Этому событию предшествовали целые месяцы подготовительной работы, в ходе которой с менеджером группы были обговорены все мелочи вплоть до проблемы потоотделения у вокалиста Дасти. Нам объяснили, что он сильно потеет, поэтому каждые несколько минут во время съемок необходимо делать перерывы, пока гримерша — которую мы должны специально под это дело взять с собой — будет припудривать ему лоб.
Непонятно только, почему местом проведения интервью была выбрана закусочная Тех-Мех без кондиционеров, расположенная в одном из трущобных районов Хьюстона, а временем — один из самых жарких и душных вечеров в году.
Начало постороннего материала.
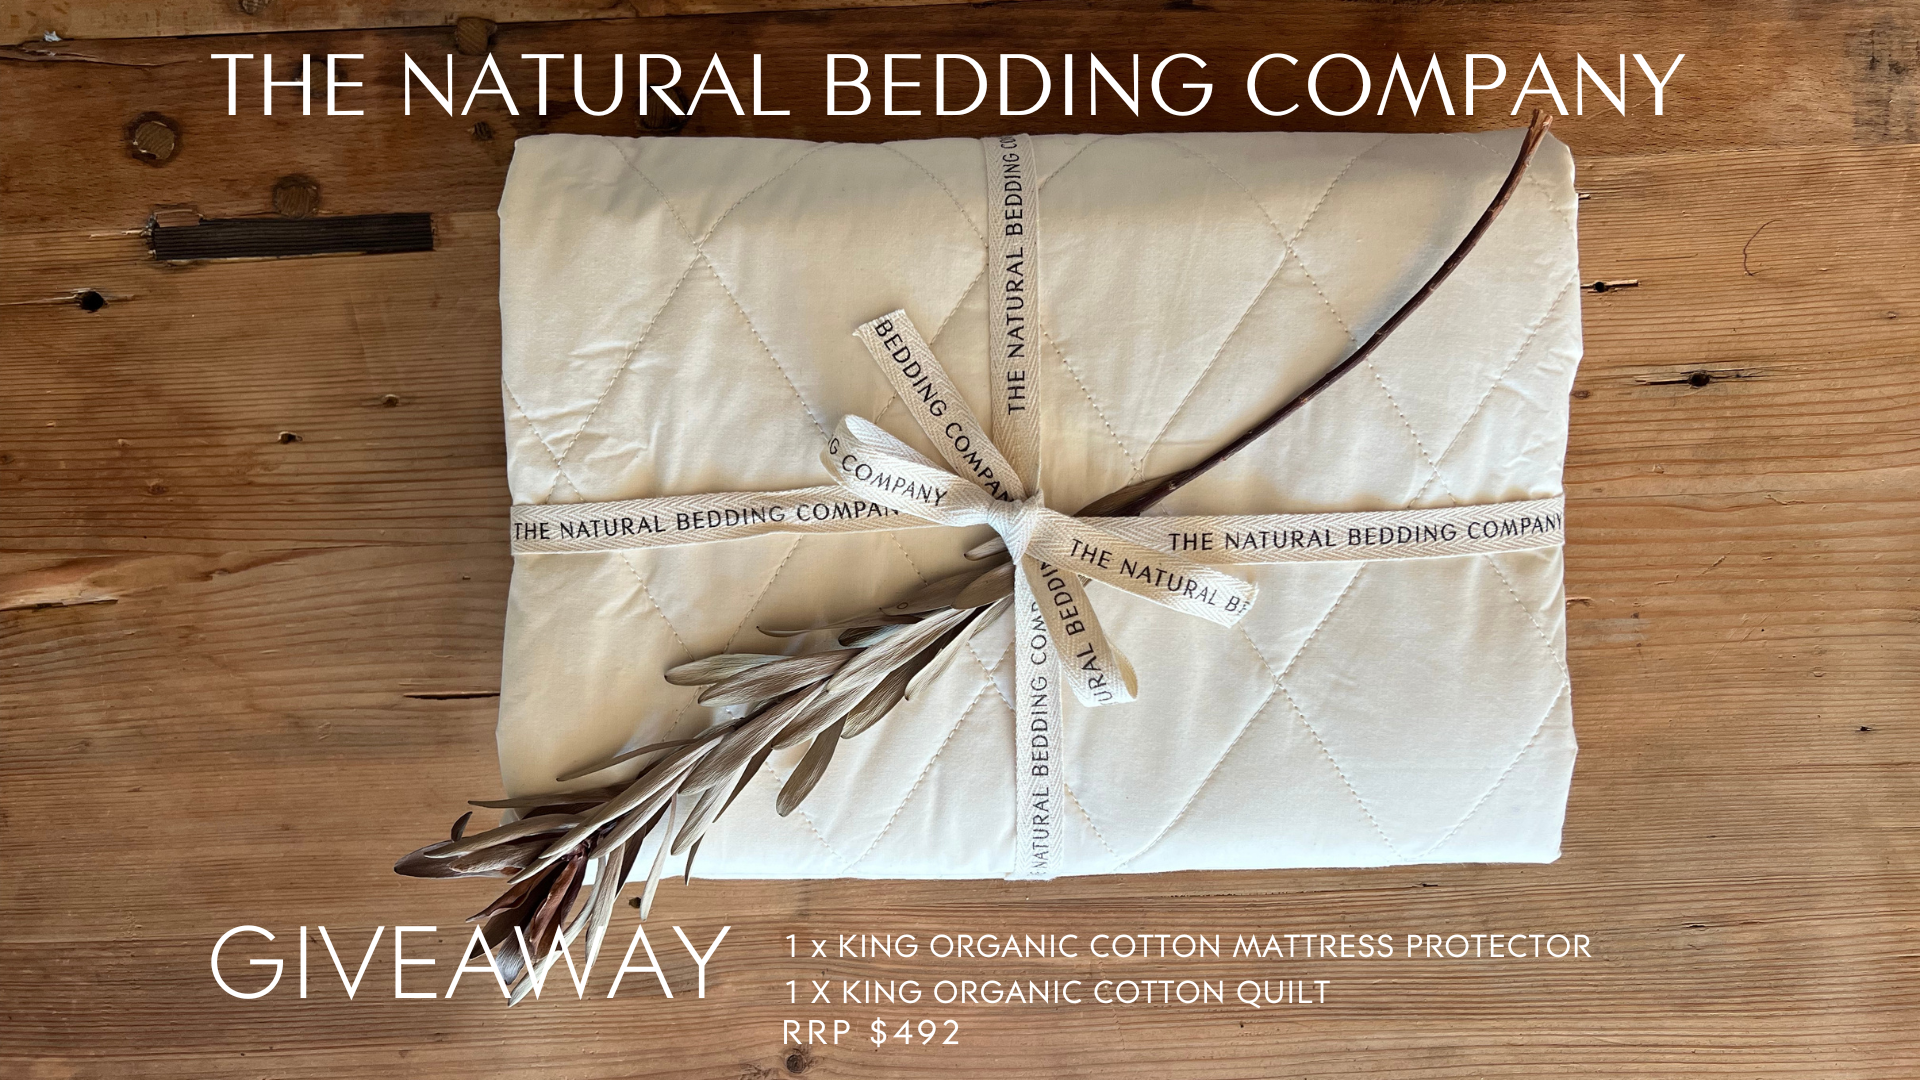 WIN a $492 Bundle from The Natural Bedding Company
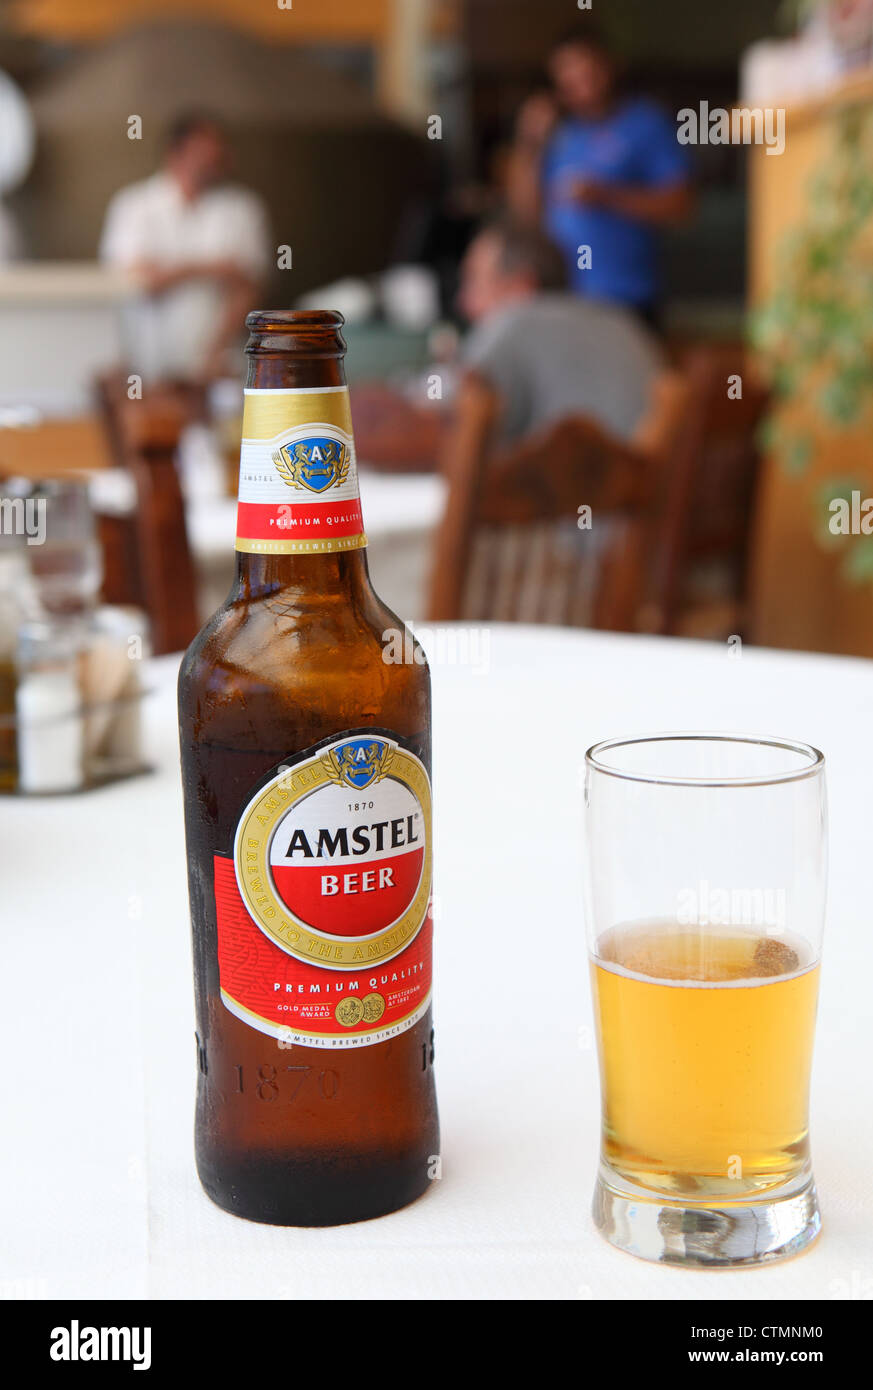 A bottle and glass of Amstel lager beer in a Greek taverna in Rethymno, Crete Stock Photo

На улице было 114 градусов по Фаренгейту, а под нашими съемочными софитами — раза в два жарче. В общем, Дасти предстояло нелегкое испытание.
Всякий раз, когда гримерша начинала промакивать потекшего Дасти, мы брали крупным планом Фрэнка или Билли, но к тому времени, как подходил его черед отвечать на какой-нибудь вопрос, с его лба уже опять низвергалась Ниагара.
Кто-то принес портативный вентилятор и предложил использовать его как средство охлаждения Дасти, пока на того не повернется камера. Идея состояла в том, что, как только камера поворачивается, Дасти должен быстро опустить вентилятор и отвечать на вопрос. Она понравилась не только самому Дасти, но и нашему звукооператору Мюррею, который сказал, что мягкое гудение вентилятора не создаст никаких проблем.
И вот в тот самый момент, когда я перед камерой беседовал с Билли, случилось неизбежное: вентилятор каким-то макаром запутался в бороде, и мы убили целый час, выпутывая его обратно.
На самом деле это была своего рода проверка. Если бы эти парни оказались обычными тупыми и наглыми рок-звездами, они бы после всего этого встали и моментально свалили. Но они остались. Впрочем, Билли все равно не мог никуда уйти, поскольку ржал так, что чуть не лопнул по швам.
Музыканты оказались повернуты на автомобилях. Когда они были еще подростками, то где-то надыбали сплетенный из стальной проволоки шар с сиденьем внутри. Оригинальное предназначение шара так и осталось загадкой. Подростки придумали играть с ним в такую игру: кто-нибудь забирался в шар и запирал проволочную дверь изнутри, а его друзья сбрасывали шар с борта движущегося на полной скорости грузовика. После того как Фрэнк пережил сброс на скорости 80 миль в час, была написана песня «Мастер искр».